Pass a budget now state budget crisis
Pass a budget now. (Source: Illinois Public Health Association)

Chicago Heights, IL-(ENEWSPF)- The sad news is tuition is going up at Prairie State College because of the state budget crisis.

According to a press release from PSC, the Prairie State College Board of Trustees voted during a special meeting this month to raise the tuition for fall 2017, based on a $7.50 per credit hour increase for in-district students. The decision comes during a time when Illinois State lawmakers approach a third year without a budget, resulting in vastly reduced funding for higher educational institutions in the state.

While Illinois faces the unconscionable, no budget since July 1, 2015, education suffers across the state.

Yes.
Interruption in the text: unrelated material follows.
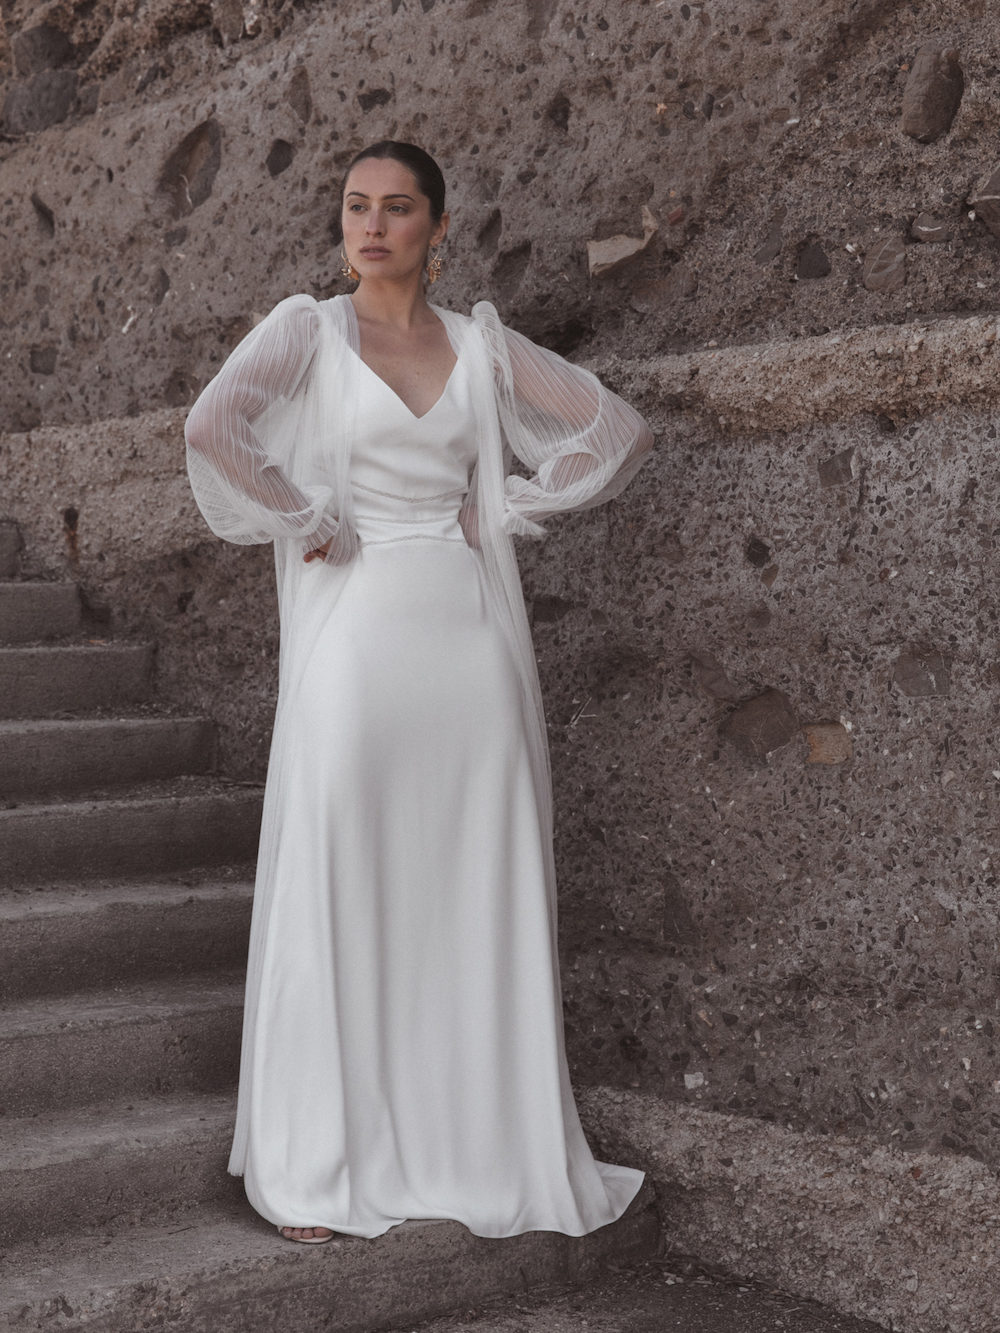 Céline de Monicault Collection 2020 - Robes de mariée - Blog Mariage Madame C

Our children, our young adults, are left without, along with many, many others.

“Discussion during the April 13 meeting focused primarily on quality,” the school said in the statement, “with trustees addressing the need for the college to focus less on being the least expensive option, and more on keeping costs in line with the quality of the education received. This discussion ultimately led board members to determine, by a majority vote, that an increase to tuition was warranted.”

After the meeting, Board Chair Jacqueline Agee commended the board for their poignant discussion. “This was not an easy decision for the administration or board to make,” she said. “But, it is clear that, in order to continue providing quality education to the students in our community, it is necessary to increase tuition at the college,” she added. “Ultimately – even with this tuition increase – the cost to attend Prairie State College still remains reasonable and affordable for the quality of education that we offer,” she said.

Because of the ongoing budget crisis, and in order to preserve the quality of instruction PSC offers, the college has already taken numerous measures to maintain fiscal responsibility on campus, while minimizing the effect the lack of state funding has had on the student body.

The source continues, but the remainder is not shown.